EJERCICIOS DE TALLER. ANTE EL ESPEJO..







ANTE EL ESPEJO


Estoy ante el espejo, con los ojos medio abiertos, medio cerrados, y con el cuerpo desmadejado, intentando encontrarse conmigo mismo. Me he levantado hace unos minutos. Después de descargar mi vejiga, lo primero que he hecho es apoyar las manos en el lavabo del baño y mirar el espejo buscando mi imagen, pero no he percibido nada de lo que esperaba encontrar. 


Ni rastro de la imagen de Narciso.


He podido valorar poco y mal, no he conseguido ver ninguna imagen de algo que se aproximara a la perfección. Mi mirada era la de un sapo ciego y lo que veía eran los rastros que deja un alíen compasivo. He visto unos pelos escasos sobre mi cabeza, débiles pero rebeldes, orientados uno para cada lado del hemisferio, enredados y aplastados por la grasa que generan cada día. A través de ellos se percibían huecos de piel que estaban ahí en todo momento, pero que, a lo largo del día quedan disfrazados por el cabello lavado y en algo mejor estado que ahora. Eran como charcos secos en medio de una marisma rala.


Ni rastro de la imagen de Narciso.


En el hueco en el que cada ojo se acerca al otro -creo que le llaman el lagrimal-, un pequeño cúmulo de legañas que quito con mis dedos y dirijo a los huecos del lavabo, por el escapan huyendo de mis manos. Cierro y abro mis ojos para ver si me estoy perdiendo algo, para ver si mi imagen ha mejorado, pero no, todo sigue igual.


Ni rastro de la imagen de Narciso.


No se ve reflejado en el espejo, pero siento mi aliento algo espeso, atascado al fondo de mi boca, pidiendo socorro y un poco de agua para aliviar la sequedad y los malos humores. Es la sensación de una resaca sin motivo, la consecuencia de un escarceo no disfrutado.


Algo de baba seca y blanquecina se aposta sobre mis labios como si los hubiera estado recorriendo toda la noche y, cansada, hubiera decidido tumbarse ahí hasta secarse entre las sombras.

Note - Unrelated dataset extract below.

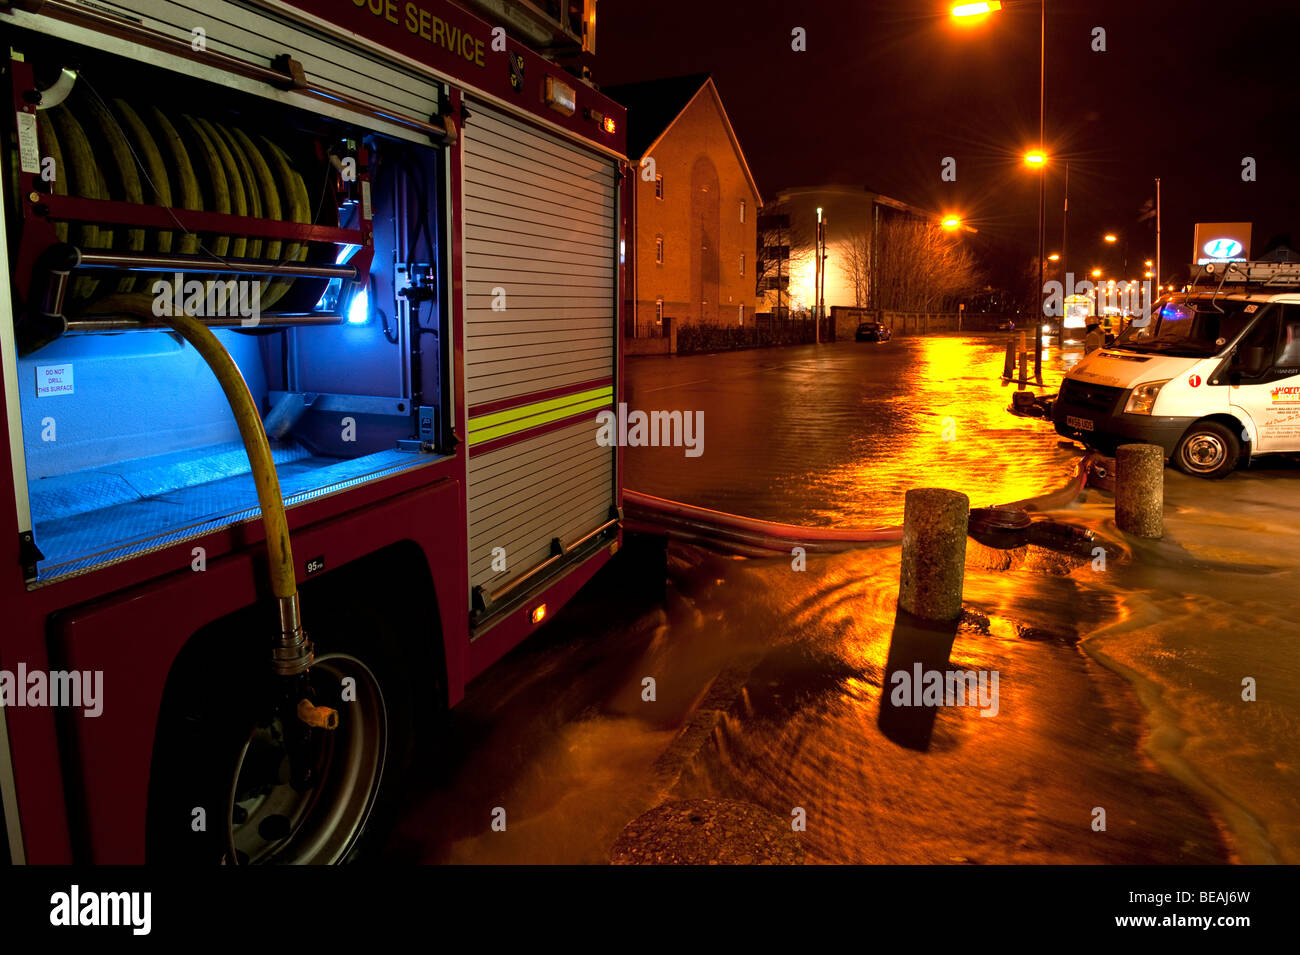 Fire engine at flooding incident at night Stock Photo

Ni rastro de la imagen de Narciso.


Sobre la piel de mi rostro, que se acomoda sobre mis huesos faciales con languidez, como si ya estuviera despidiéndose de ellos, pintada con algunas manchas parduzcas que cada día crecen e intensifican su tono, surgen, como pequeñas hierbas negras, lo pelos de mi barba, algunos negros y otros blancos.


Los miro y no me gustan. Pienso si he de afeitarme o no. Últimamente, procuro hacerlo cada dos días, no sé muy bien por qué, ya que en el fondo me gusta más mi piel facial sin pelos, pero creo que voy a dejarlo para mañana. Tampoco sé muy bien si es por vagancia, por comodidad o por rebeldía.


Y sigo sin hallar rastro alguno de la imagen de Narciso.


Bajo mi mentón -barbilla, espolón de la mandíbula-, señalada con una cicatriz de mis veintes, fruto de un accidente, y, por ello, algo desfigurada, sólo veo el colgajo de mi papada, un trozo de piel o pellejo algo suelto y poco relleno, flácido, que no debería estar ahí, pero que he acabado aceptando como algo inevitable y que, además, tampoco importa tanto.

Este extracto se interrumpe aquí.